Winning an architecture competition as a couple

Alejandro Cuadro and Romina Magnini were unanimously selected by the Bauhaus Campus 2021 jury as the competition winners. Their project showed a deep level of understanding of how such a building could impact a city, and their project was seen as a mature, realistic, yet ambitious solution to a challenging brief.

Wanting to learn more about the couple and their design process, we had the opportunity to talk with them and ask them some questions that shed some light on how they manage to produce their winning design.

When asked about their motivation to participate in the competition in the first place, Alejandro and Romina revealed that they are not just teammates, but also a couple in their private lives, and that this competition was actually their way of testing if they could also work together at a professional level.

The truth is architecture is one of those few careers where it isn’t rare to see married couples working together. History is full of successful examples, such as Ray and Charles Eams, Alison and Peter Smithson, Enric Miralles and his two wives, Carme Pinós and Benedetta Tagliabue or Liz Diller and Ricardo Scofidio. All of them romantic couples who reached incredible professional success and recognition, together.

The couple started looking for competitions to test themselves, and eventually found the call for the Bauhaus Campus 2021 which caught their eye.

When they first started working on the project, they asked themselves this question: How can we create the “new” Bauhaus and not just a revival of the “old” one? Their answer was to find inspiration in some exemplar buildings and architects of the past, but combine them into something new and unique that had their own signature imprinted on it. Keeping an industrial image seemed appropriate for a Bauhaus-related brief, so they found inspiration in some of the works from masters of high-tech architecture such as Rezo Piano, Richard Rogers or Norman Foster, but also in other figures such as Will Bruder or national architect Garcia Pardo and engineer Eladio Dieste, who’s building “El Pilar” led Alejandro and Romina to designing a radical structural solution for their building that the jury didn’t hesitate to applaud.

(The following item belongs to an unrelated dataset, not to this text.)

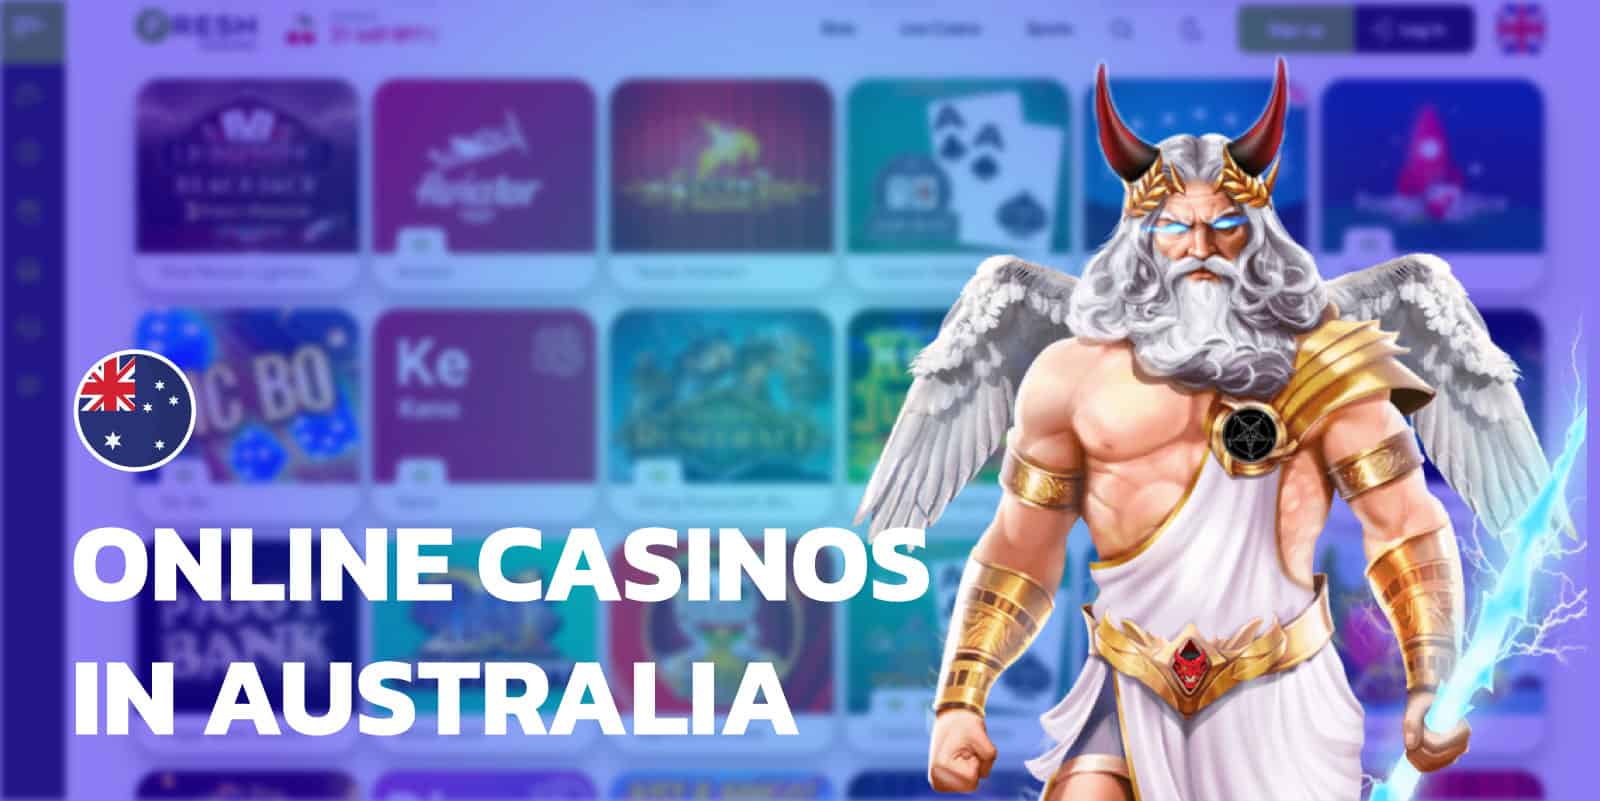 Online casinos Australia

Alejandro and Romina knew they wanted their project to add value not only to the people inside the campus, but also to the city. They designed a single building capable of creating a long-lasting memorable image from the outside, but flexible enough on the inside, so that the interior spaces could adapt and evolve together with the people using them. So far they were making good progress, but both having a strong background in urban design it didn’t seem like the campus was doing quite enough for the community as it was. That’s when they started looking outside of the boundaries of the proposed site. The old Bauhaus building by Walter Gropius was on the other side of the train tracks, and sitting right next the proposed site was an abandoned lot with a relatively high brick building, which was the only reminder of the site’s old industrial history.

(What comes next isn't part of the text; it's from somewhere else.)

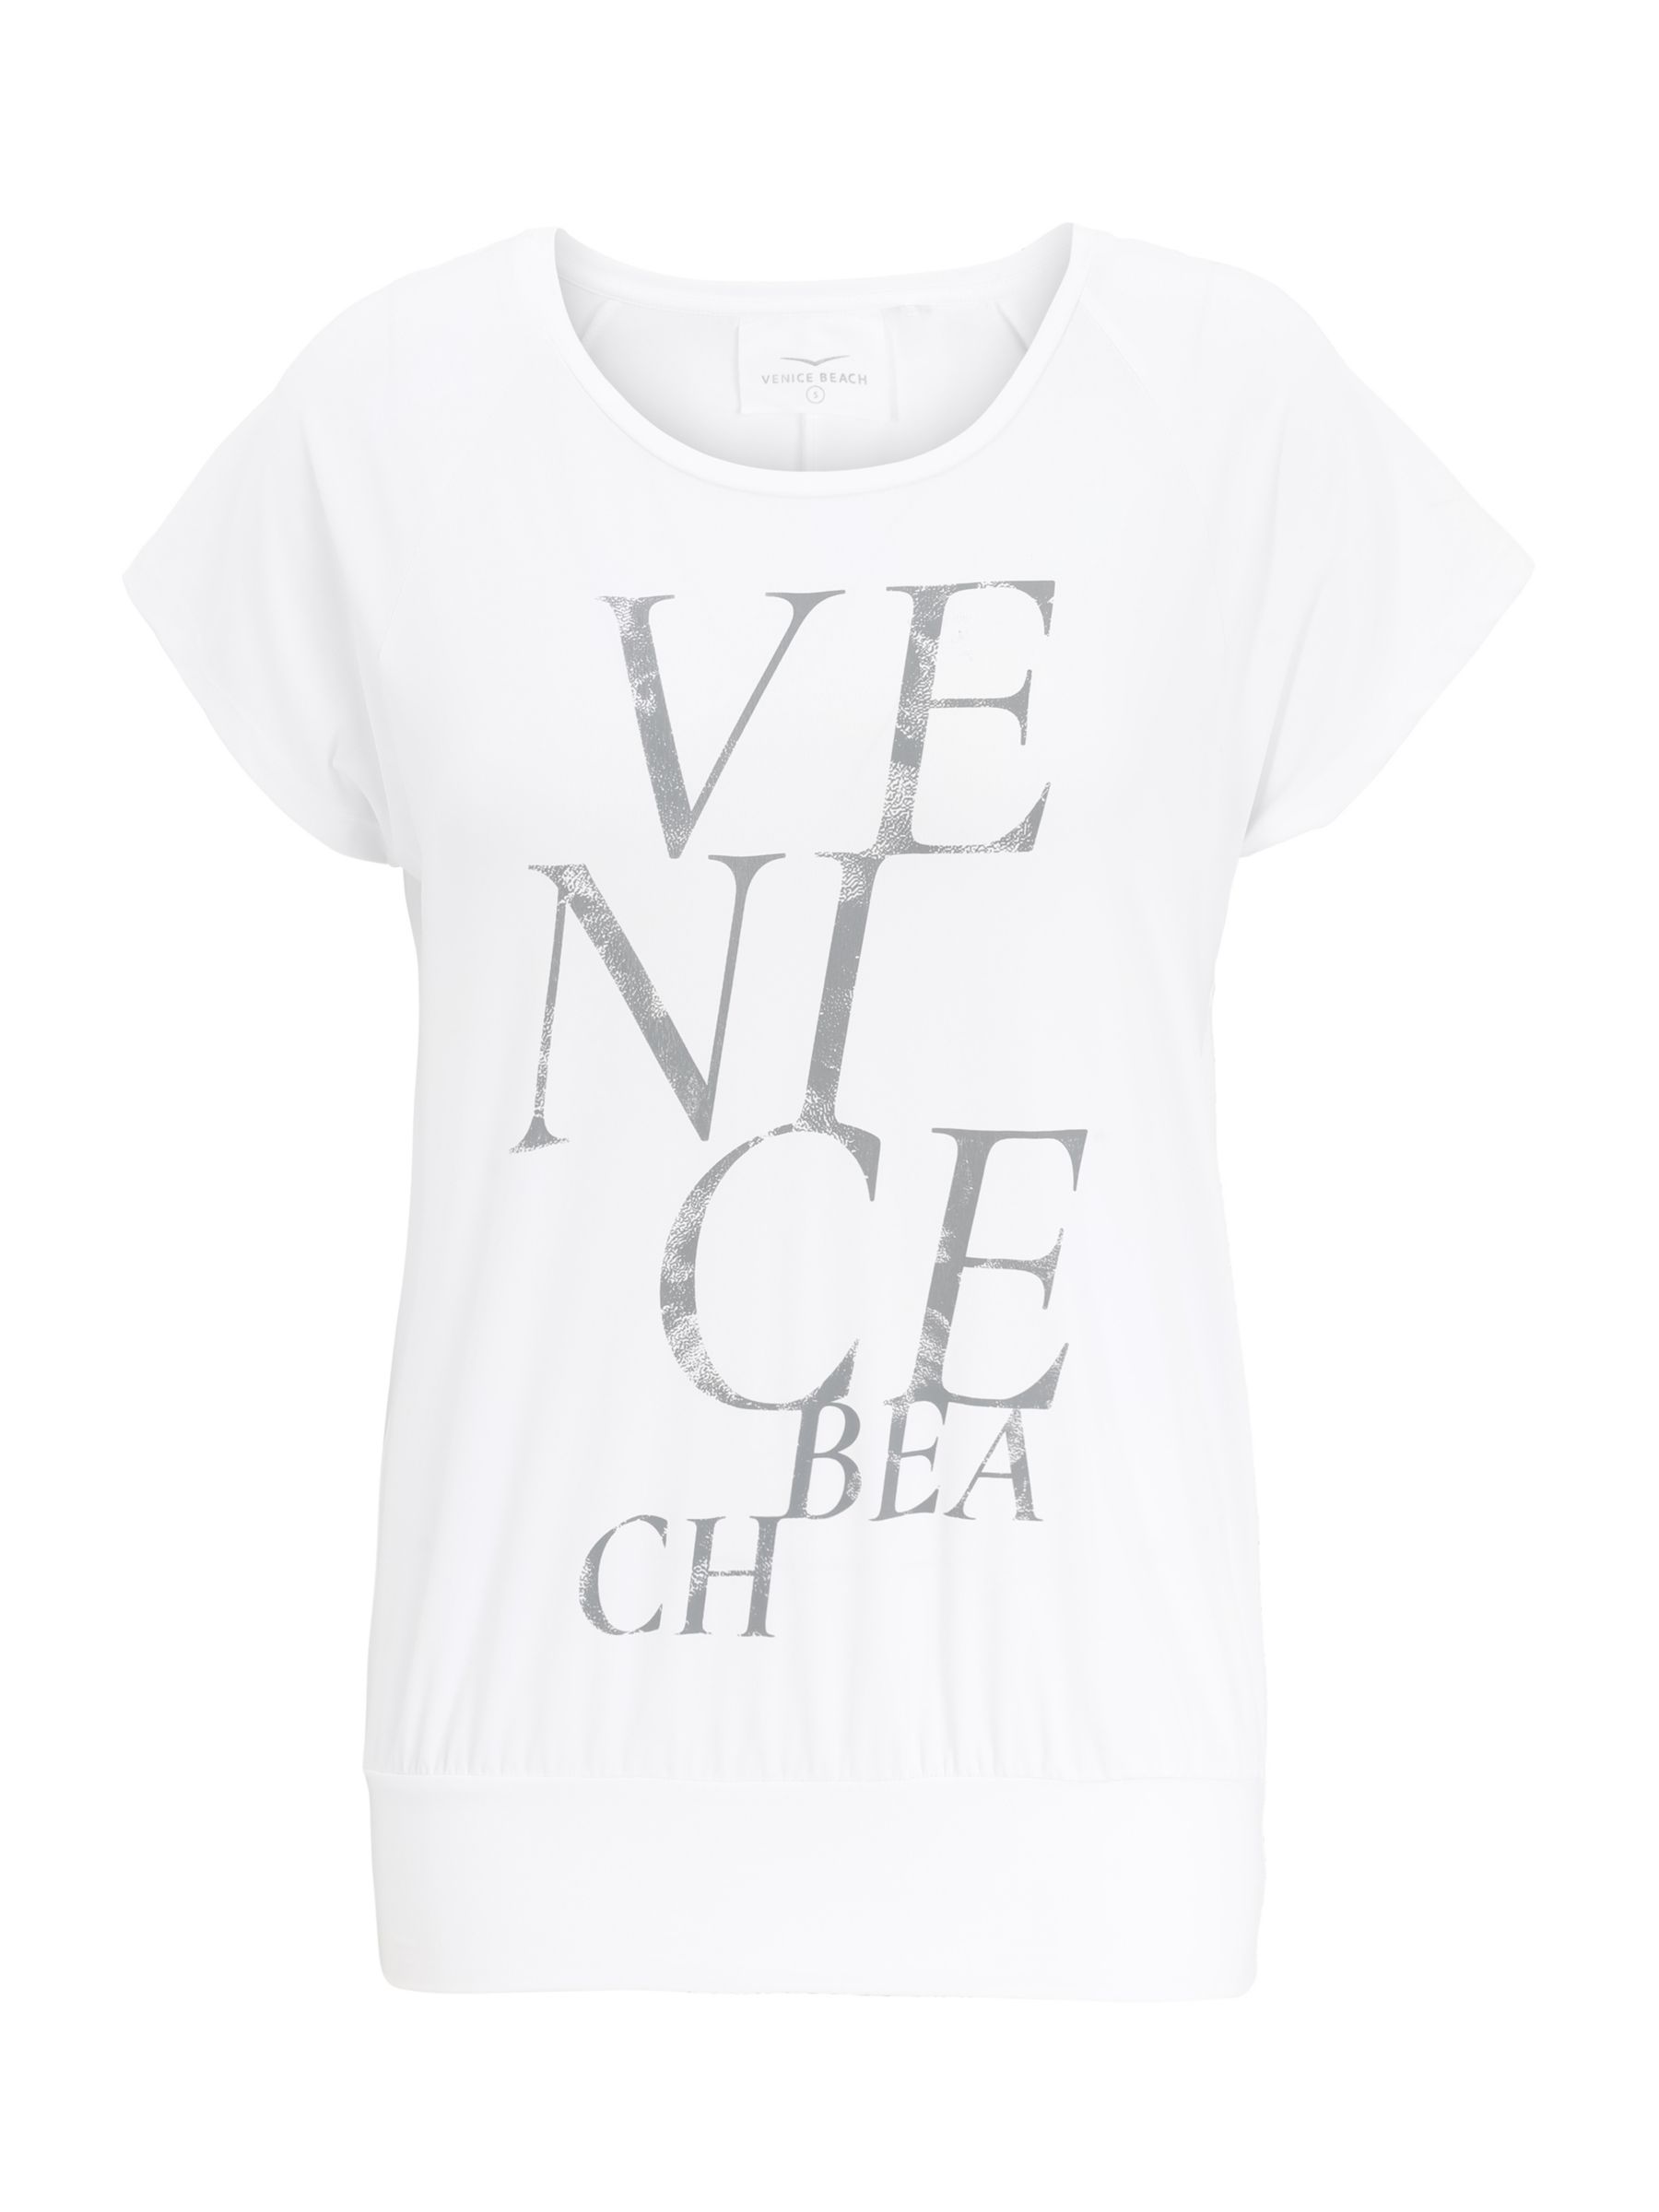 Venice Beach Nobel T-Shirt, White at John Lewis & Partners

Extending their project beyond the proposed area could mean getting disqualified right away, but not doing so could also mean missing on a great opportunity to have a meaningful impact in Dessau at an urban and social scale. They evaluated the pros and cons and decided to take the risk. After all, if you only looked at their project within the proposed site boundaries everything made sense, and their ideas beyond those boundaries were only adding value, without compromising the project. As it turns out the jury agreed with them!

Alejandro and Romina had worked together before as part of larger groups, but never the two of them alone, so they didn’t quite know how to go about it. They worked on most of the project together, even modeled the 3D file, where most of the presentation came out from, in tandem, and only divided the work a little bit towards the end, when Romina took on the rendering and Alejandro the postproduction. The truth is there is no magic recipe for architects working in teams, let alone couples, but this seems to have worked for them.

Of course, winning the competition helps make everything look brighter, but they both agree that regardless of the result their personal experience was a success. As Alejandro said himself during out interview “Even when you think you are a good student you always wonder, will I be a good architect?”. By participating in this competition, they were not only reassured of their capabilities as future architects, but also found that they could work very well together.

Who knows the future path this couple will decide to follow, or if Alejandro and Romina could be next on the list of architect couples sharing both their personal and professional lives… but one thing is for sure, we’ll definitely be keeping an eye on their future work!